Figure 4 Differential analysis in protein expression levels in different groups. (A) Histogram of differential protein expression among different groups. (B and C) Volcano plots showing relative abundances of proteins in three groups. The proteins were considered differentially expressed at fold change >1.2 and with statistical significance (P<0.05) between groups. The red points represent the upregulated proteins, and the green points represent the downregulated proteins that were statistically significant. (D) Heatmaps of selected differentially expressed proteins in different groups, where light red represents high expression and light blue represents low expression. (E and F) Radar plots of protein expression among the different groups. DM, diabetes mellitus; NC, negative control.

Table II List of top 10 differentially expressed proteins significantly upregulated/downregulated in these three groups.

Table II

List of top 10 differentially expressed proteins significantly upregulated/downregulated in these three groups.

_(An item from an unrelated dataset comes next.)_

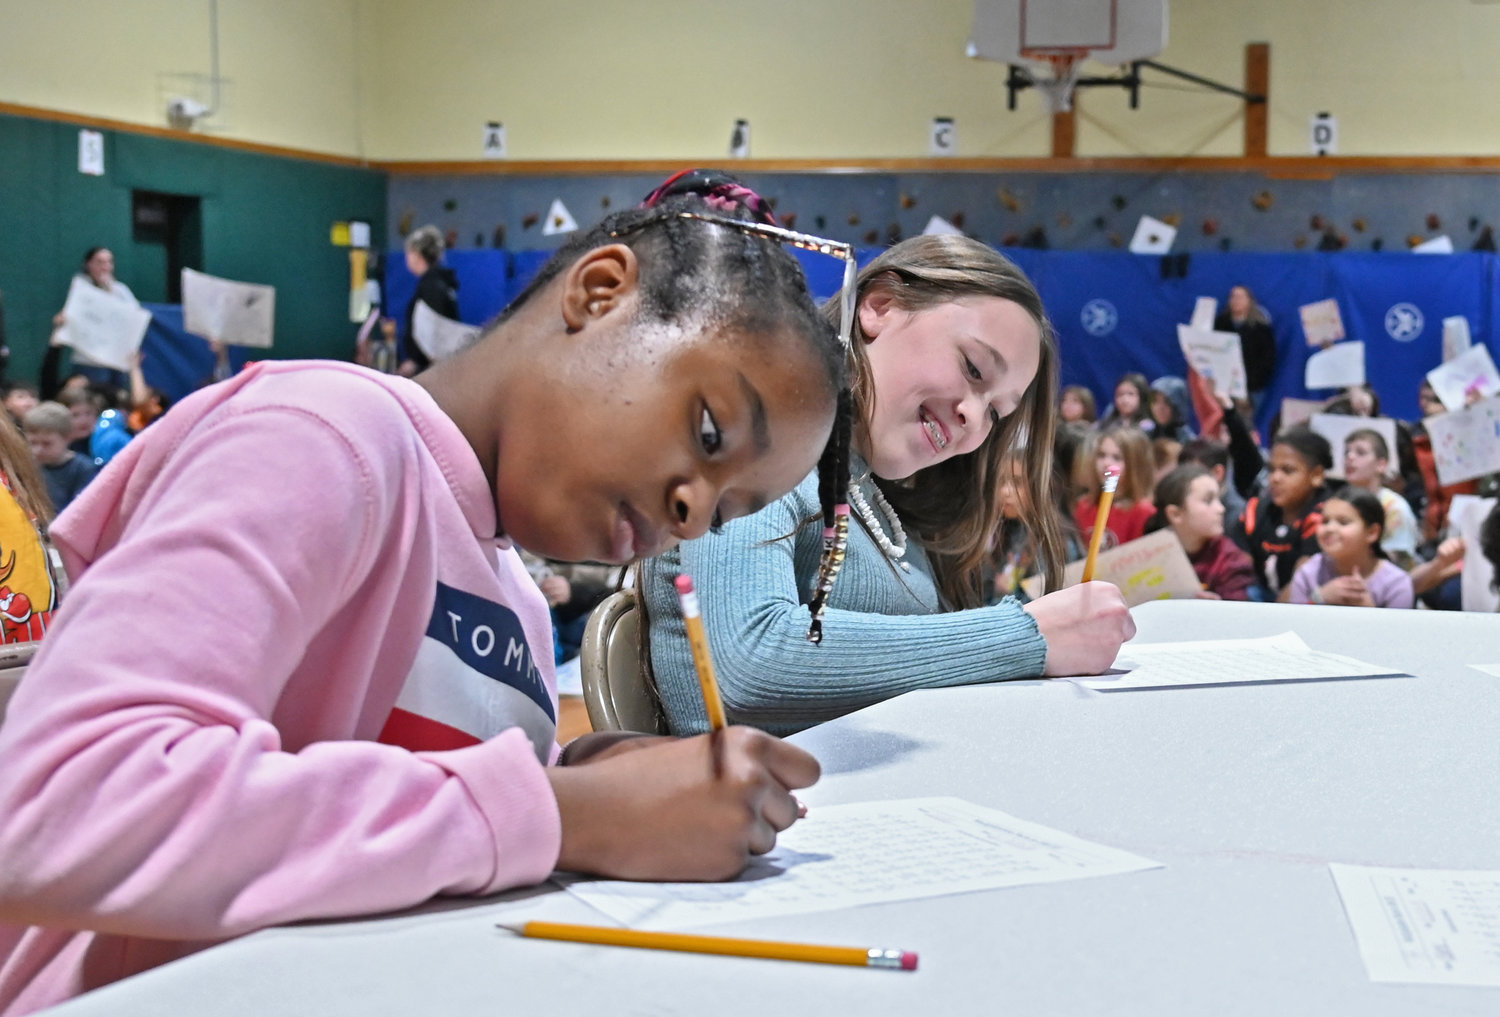 Kate Chapoteau and Rylee Anderson work on their math problems in the five-minute deadline to complete them Friday, Feb. 10 during the Math Fact Super Bowl STEM finals at Gansevoort Elementary School in Rome.

Accession	T2DM/Control		FC
	Protein name	Gene name
P28651	Carbonic anhydrase-related protein	Ca8	30.73104346
Q99JP6	Homer protein homolog 3	Homer3	8.605505985
Q0VEJ0	Centrosomal protein of 76 kDa	Cep76	6.493296981
O35544	Excitatory amino acid transporter 4	Slc1a6	5.854075769
Q61625	Glutamate receptor ionotropic, delta-2	Grid2	5.678624242
Q0QWG9	Delphilin OS=Mus musculus	Grid2ip	4.508011439
Q3TGF2	Protein FAM107B	Fam107b	4.364816483
Q64338	Dual specificity calcium/calmodulin-dependent 3′,5′-cyclic nucleotide phosphodiesterase 1C	Pde1c	4.229122142
Q9EQK7	Protein-S-isoprenylcysteine O-methyltransferase	Icmt	3.77526444
Q63ZW7	InaD-like protein	Patj	3.691659478
Accession	Sema/T2DM		FC
	Protein name	Gene name
Q9Z0N2	Eukaryotic translation initiation factor 2 subunit 3, Y-linked	Eif2s3y	107.9458757
Q9CPU2	NADH dehydrogenase [ubiquinone] 1 beta subcomplex subunit 2, mitochondrial	Ndufb2	28.50007876
P04104	Keratin, type II cytoskeletal 1	Krt1	9.647625063
P02535	Keratin, type I cytoskeletal 10	Krt10	9.021370593
Q3UV17	Keratin, type II cytoskeletal 2 oral	Krt76	8.672844569
P02463	Collagen alpha-1(IV) chain	Col4a1	8.439254018
A2AWR3	Lysosomal cholesterol signaling protein	Gpr155	7.209646232
O70451	Monocarboxylate transporter 2	Slc16a7	7.039011181
Q8BQP9	Regulator of G-protein signaling 7-binding protein	Rgs7bp	6.480696147
P03930	ATP synthase protein 8	Mtatp8	5.936756791

[i] T2DM, type 2 diabetes mellitus.

Common trends of DEPs and DEGs

The present analysis revealed an interesting trend. When comparing T2DM and NC groups across different pathways, a higher number of upregulated genes was identified, compared with downregulated genes. In addition, the Sema group displayed a decrease in more genes compared with the T2DM group (Fig. 5A and B). This pattern mirrored what was observed at the protein level. These findings suggested the potential existence of common genes significantly altered by hyperglycemia and subsequently restored by semaglutide treatment. The list of the DEPs reversed by semaglutide between T2DM/Control and Sema/T2DM is shown in Table SII. The list of the top 200 DEGs reversed by semaglutide between T2DM/Control and Sema/T2DM is presented in Table SIII.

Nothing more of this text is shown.